- The LAPA FA-03 with a bayonet attached.
- Type: Bullpup assault rifle
- Place of origin: Brazil

Production history
- Designer: Nelmo Suzano
- Designed: 1978-1983
- Manufacturer: LAPA-Laboratorio de Pesquisa de Armamentos Automaticos, SC/Ltda
- Produced: 1978/1983
- No. built: 1 prototype built

Specifications
- Mass: 3.2 kg (7.1 lb) (empty)
- Length: 735 mm (28.9 in)
- Barrel length: 490 mm (19 in)
- Cartridge: 5.56×45mm NATO (5.56×45mm non-NATO standard (55-grains M193 "Ball" cartridge))
- Caliber: 5.56mm
- Barrels: Rifling: 1:12 pitch (1 turn in 305 mm), 6 grooves
- Action: Gas-operated, Rotating bolt
- Rate of fire: 700 rounds/min
- Muzzle velocity: 975 m/s (3,200 ft/s)
- Effective firing range: 550 m (600 yd)
- Feed system: 20- or 30-round detachable box magazine (STANAG 4179)
- Sights: Fixed front sight, adjustable rear sight, patterned after US M16 rifle

= LAPA FA-03 =

The LAPA FA-03 was a bullpup assault rifle designed in Brazil by the company LAPA (Laboratório de Pesquisa de Armamentos Automáticos, SC/Ltda, Automatic Armament Research Laboratory SC/Ltda), and developed by its owner, Nelmo Suzano (1930-2013).

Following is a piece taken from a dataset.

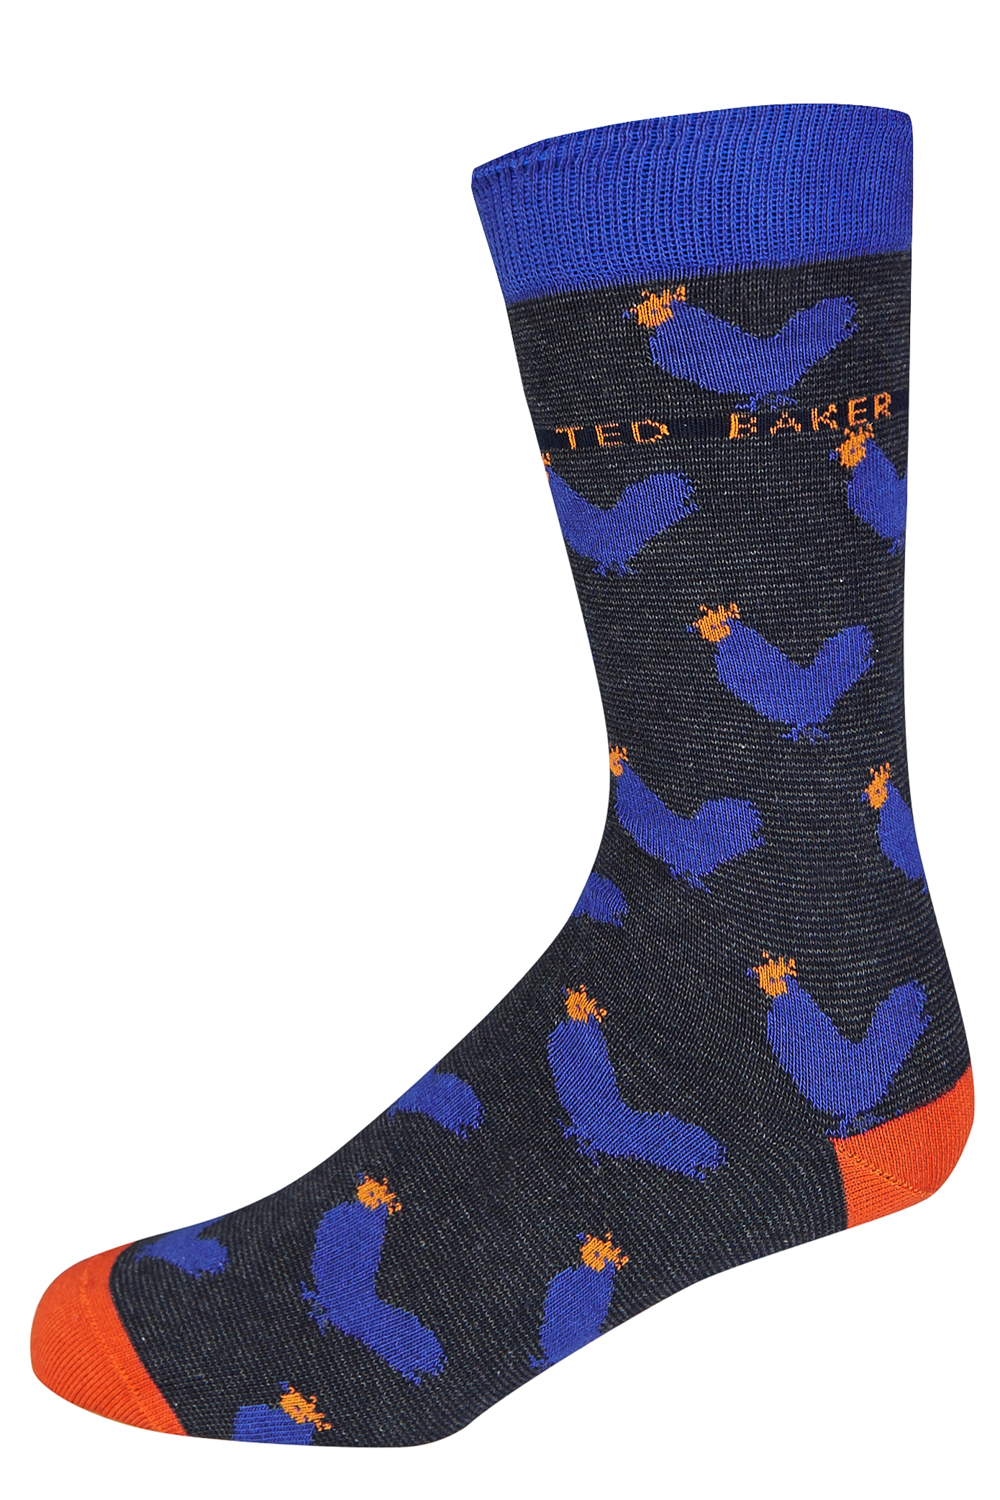 Ted Baker Blue Chicken Socks for Men - Lyst

The acronym FA-03 stands for "Fuzil de Assalto Modelo 03" ("Assault Rifle Model 3").

==History==
The development and production of the prototype rifle took place between 1978 and 1983, with two other models being planned (one 9mm submachine gun and the other a .22) with the aim of having domestic and military weapons for both domestic sale and export. The FA-03 was the only bullpup model made by LAPA and only one prototype was built. The FA-03 was an assault rifle with a fire selector register based on the standard piston operated system with a rotating bolt lock.

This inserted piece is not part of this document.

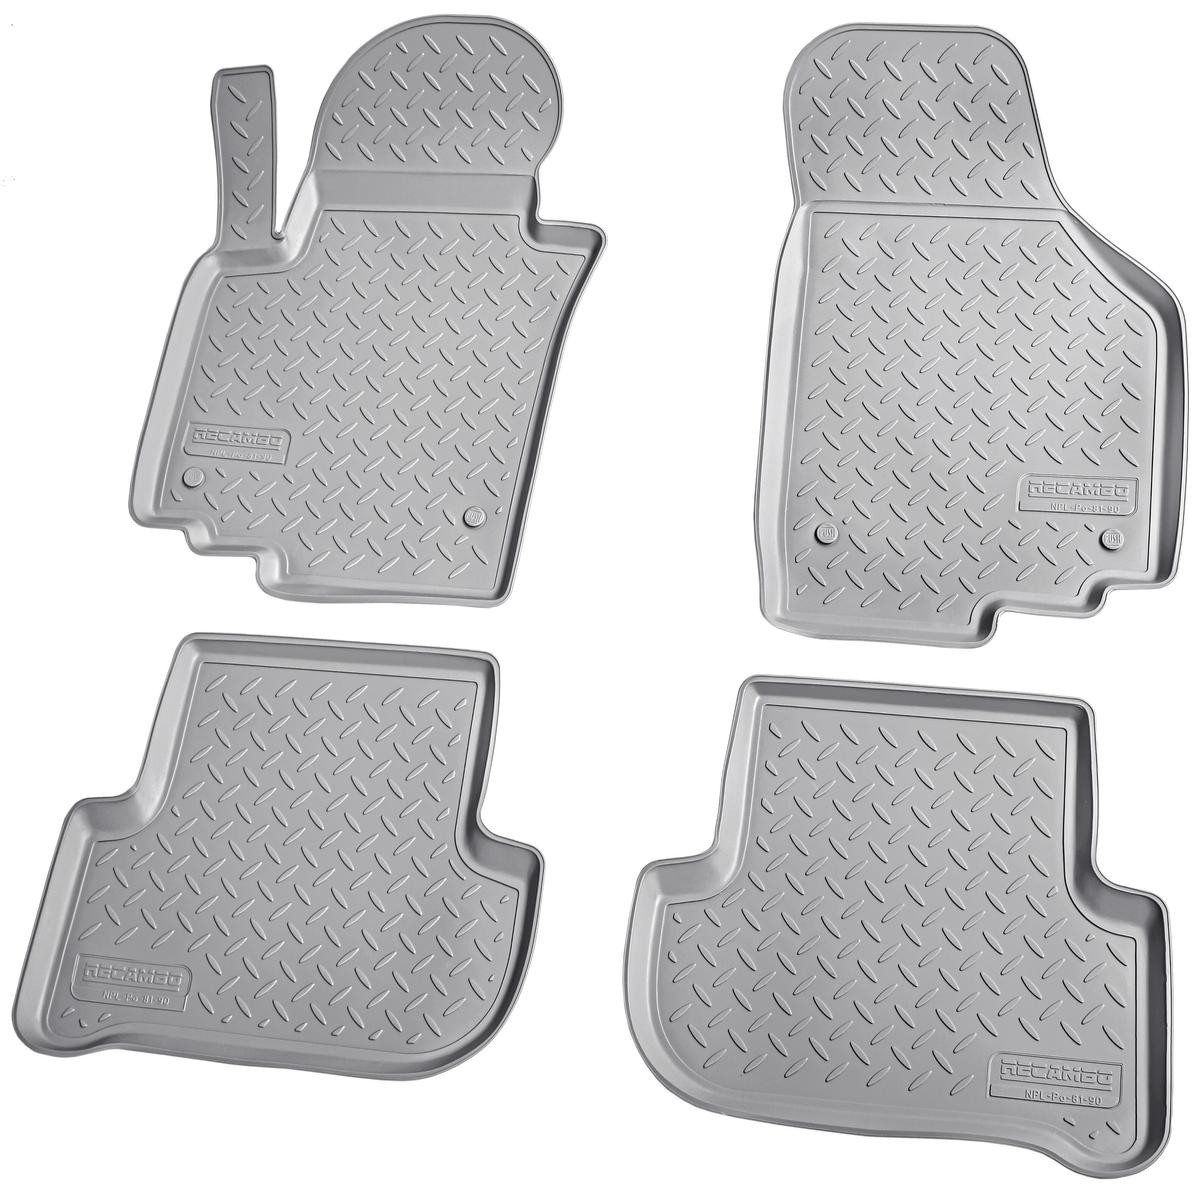 Fußmatten für Seat Gummi Original und Textil kaufen bei günstige Leon 1P und Preise - Qualität AUTODOC

Members of the Brazilian armed forces who tested the FA-03, discarded it on the grounds that it looked like a toy (because of the plastic and bullpup design) and because of its low weight. Despite reducing the weapon's weight, the plastic did not affect its control in automatic fire.

Bullpup rifles would become popular in Asia, and Malaysia became interested in the LAPA FA-03. But due to the aforementioned production problems, the Malaysians ended up opting for the Steyr AUG, manufacturing it under license by SME Ordnance.

The LAPA FA-03 never passed the prototype phase and only a single prototype was ever produced.

==Design==
A feature of the FA-03 was the absence of a safe position. A single lever is set for one of the three firing modes: “30” for full auto, “3” for controlled 3-round burst, “1” for semiautomatic fire; and the two action modes “SA” for single action and “DA” for double action. The rifle was stable in 3-round bursts fired both from the shoulder and from the hip (assault position).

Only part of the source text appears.